No, it’s all the darn little dog, little Peasy, that stray from the pound, whose training and domestication has so absorbed my daily attention and focus. He has come such a long way! Given a full year…. But I don’t have a full year, only another couple of months, at most, and little Pea, while madly in love with me and tentatively fond of the Artist, is still afraid of almost everyone else. A bookstore future for this dog is the most unlikely scenario.
What is his likeliest future? I’m still working on figuring that out, but while he is in my care I work daily on lessons to civilize the little love-bug.
Silas is long dead, and Peasy is very much alive. No one other than me cares if Silas’s diary is every transcribed, and hordes of more qualified writers than I have written of 19th century America.

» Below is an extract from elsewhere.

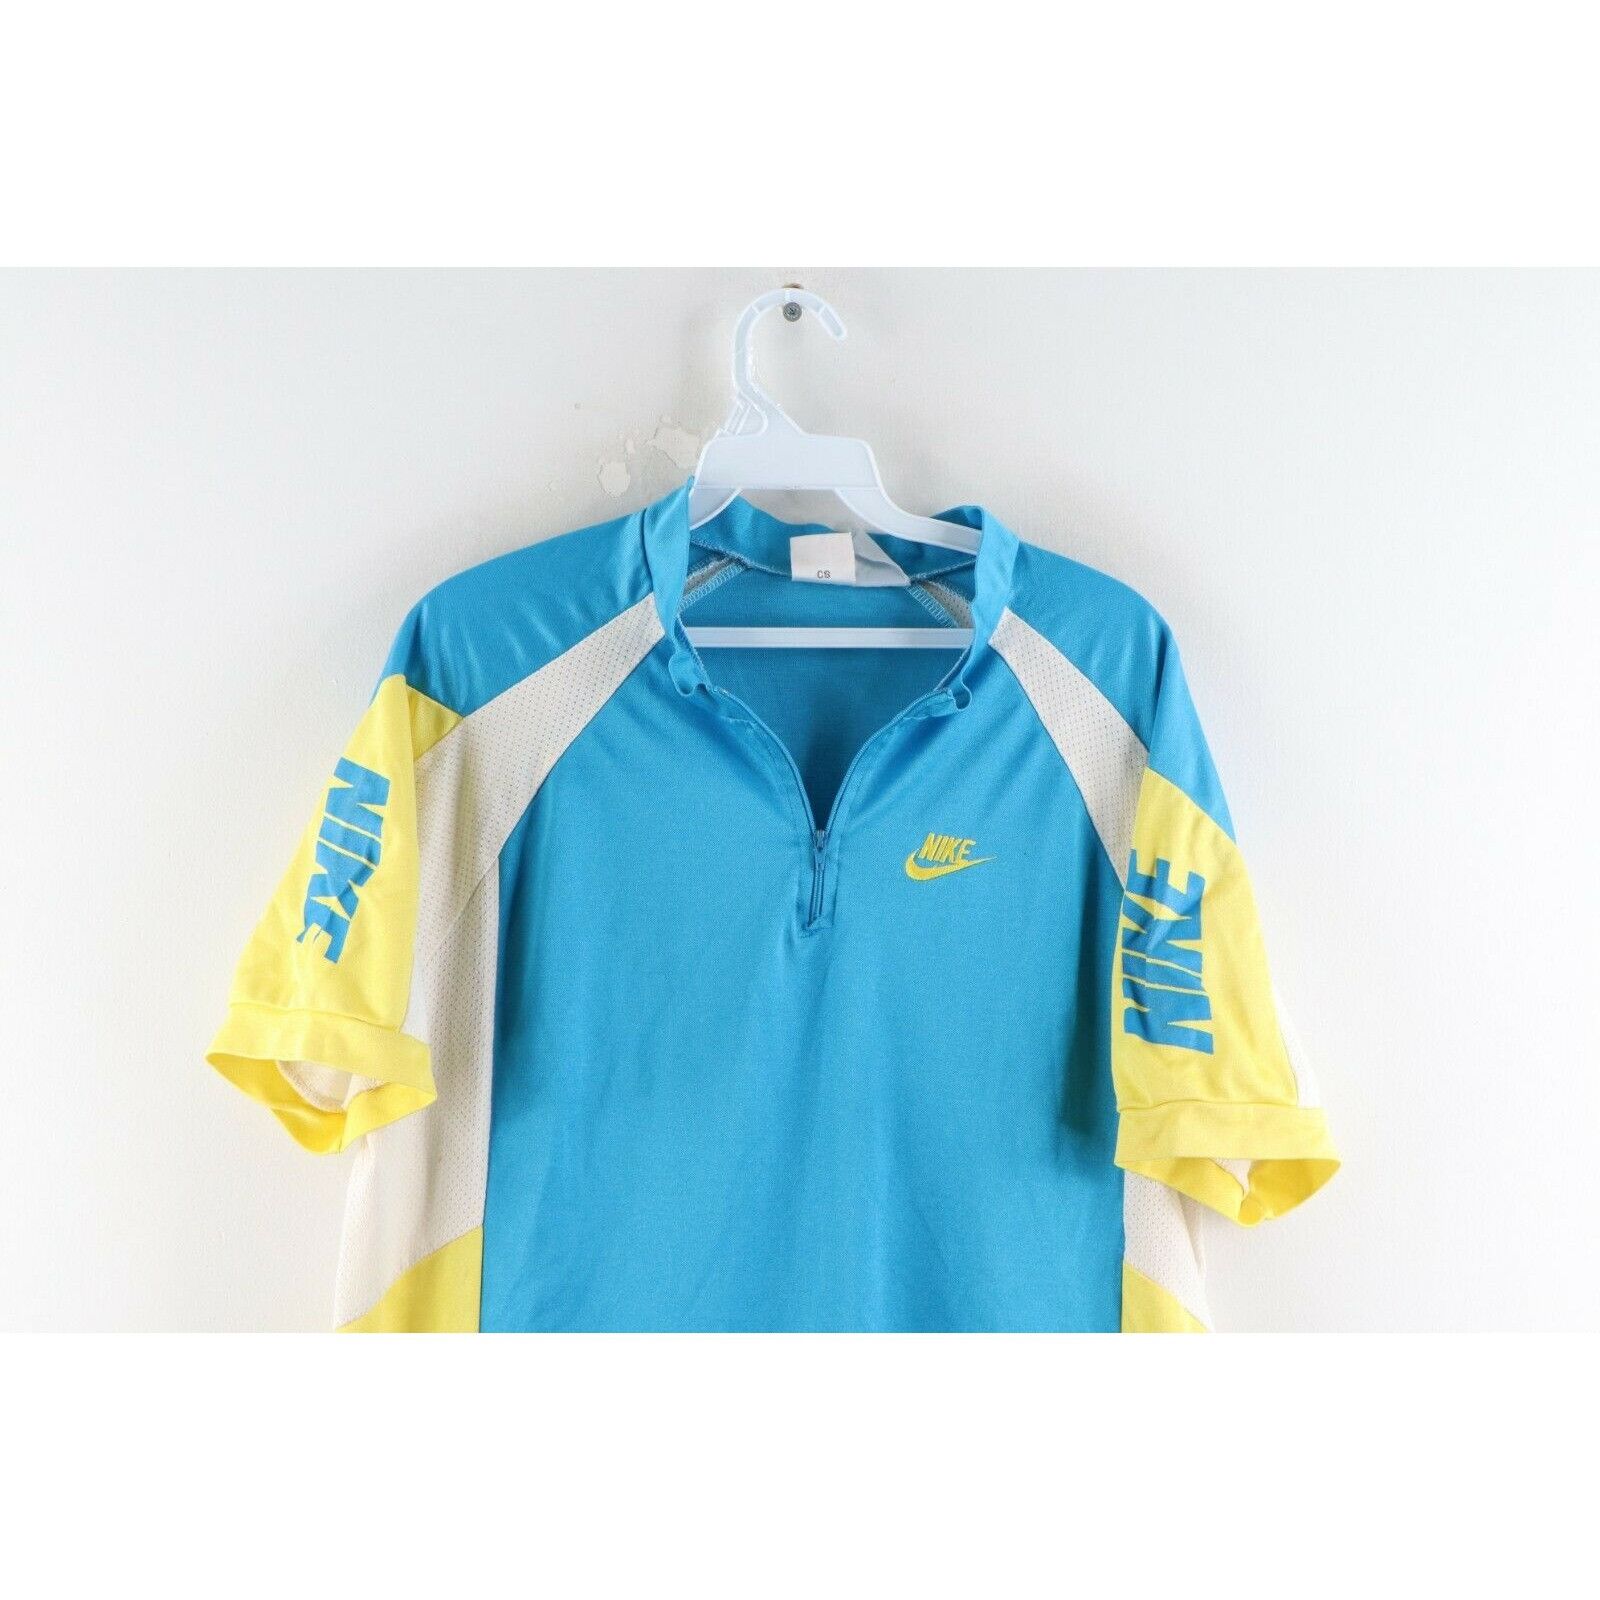 Nike Vintage 90s Nike Color Block Bicycle Cycling Jersey Size US M / EU 48-50 / 2 - 2 Preview
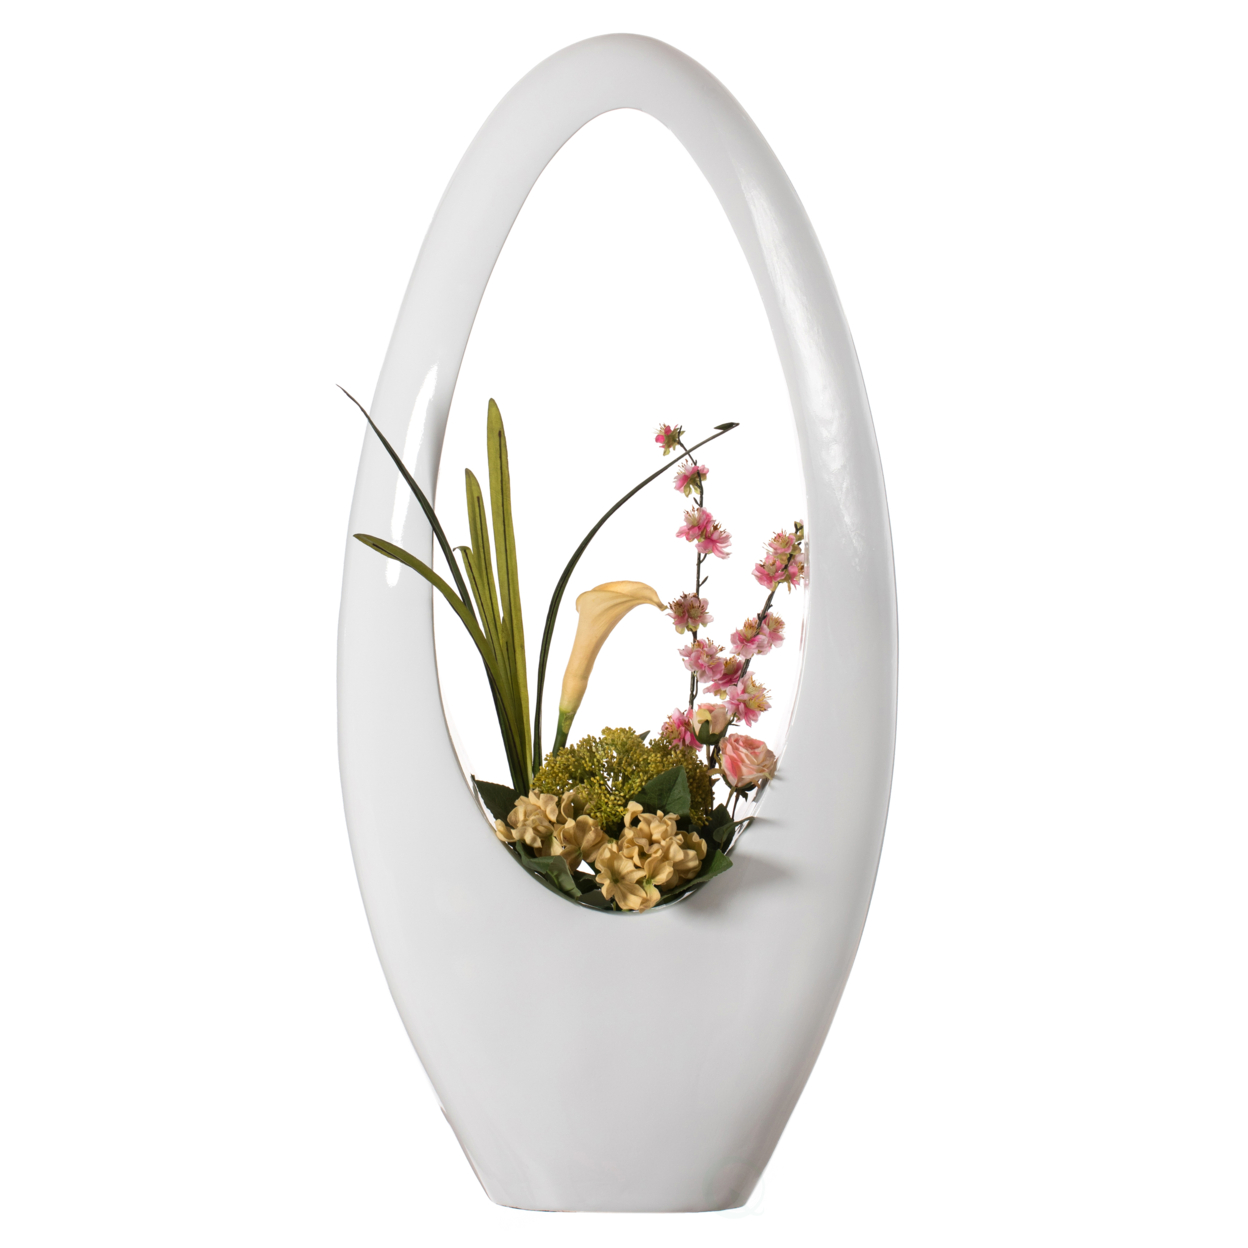 Modern Decorative White Oval Centerpiece Vase Wedding Flower Stand Holder, For Living Room, Entryway Or Dining Room, 40 Inch

But Peasy was ignored and passed over for three months in the pound in Safford. And – he loves me. He cares!
While Peasy distracts me from writing and much else, though, he also focuses my immediate attention and gives purpose to my days. The progress we have made together gives me a sense of accomplishment and deep satisfaction. Besides that, he is my daily companion in rambles over the range, out in the sun and the wind and the dust.
“How was it?” the Artist asks when the dog and I return to the cabin, tired and thirsty and happy.
“It was great!”
We’re here now. That has been my mantra for years, wherever I am: we’re here now. And I don’t want to miss being here.